OpenGSLB Metrics Reference

OpenGSLB exposes Prometheus metrics for monitoring and observability. This document describes all available metrics and how to configure them.

Configuration

Enable the metrics endpoint in your configuration:

metrics:
  enabled: true
  address: ":9090"  # Default port

Metrics are served at http://<address>/metrics in Prometheus text format.

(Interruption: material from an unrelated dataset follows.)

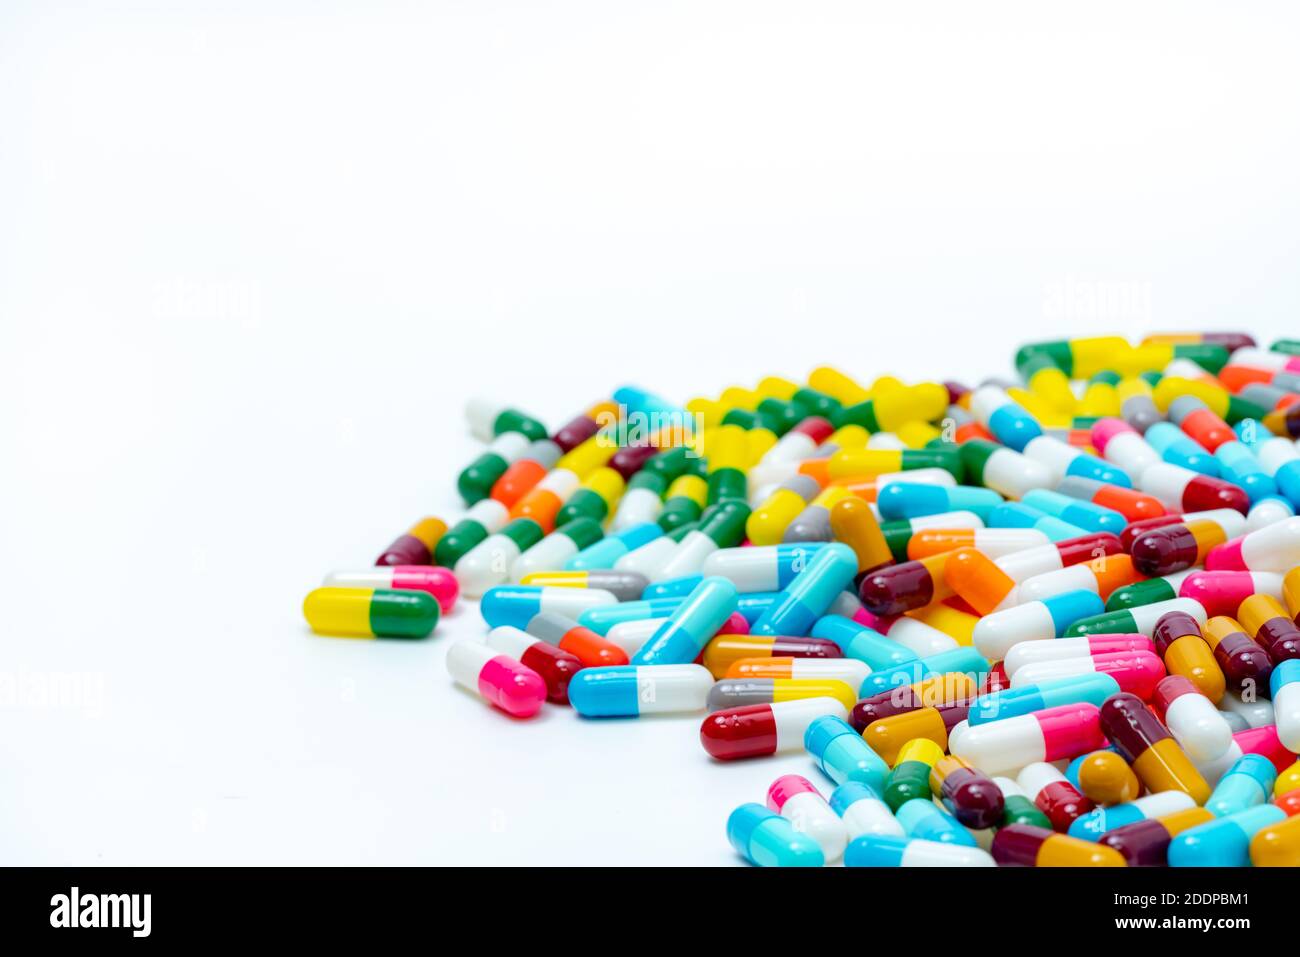 Heap of multi-colored antibiotic capsule pills on white background. Antibiotic drug resistance. Antimicrobial drugs. Pharmaceutical industry. Stock Photo

A health check endpoint is also available at http://<address>/health.

Metrics Reference

DNS Metrics

opengslb_dns_queries_total

Type: Counter
Labels: domain, type, status

Total number of DNS queries received.

Label

Description

domain

The queried domain name

type

DNS query type (A, AAAA, etc.)

status

Response status: success, nxdomain, servfail

Example:

opengslb_dns_queries_total{domain="app.example.com",type="A",status="success"} 1542
opengslb_dns_queries_total{domain="app.example.com",type="AAAA",status="success"} 523
opengslb_dns_queries_total{domain="unknown.com",type="A",status="nxdomain"} 12

opengslb_dns_query_duration_seconds

Type: Histogram
Labels: domain, status

DNS query processing duration in seconds.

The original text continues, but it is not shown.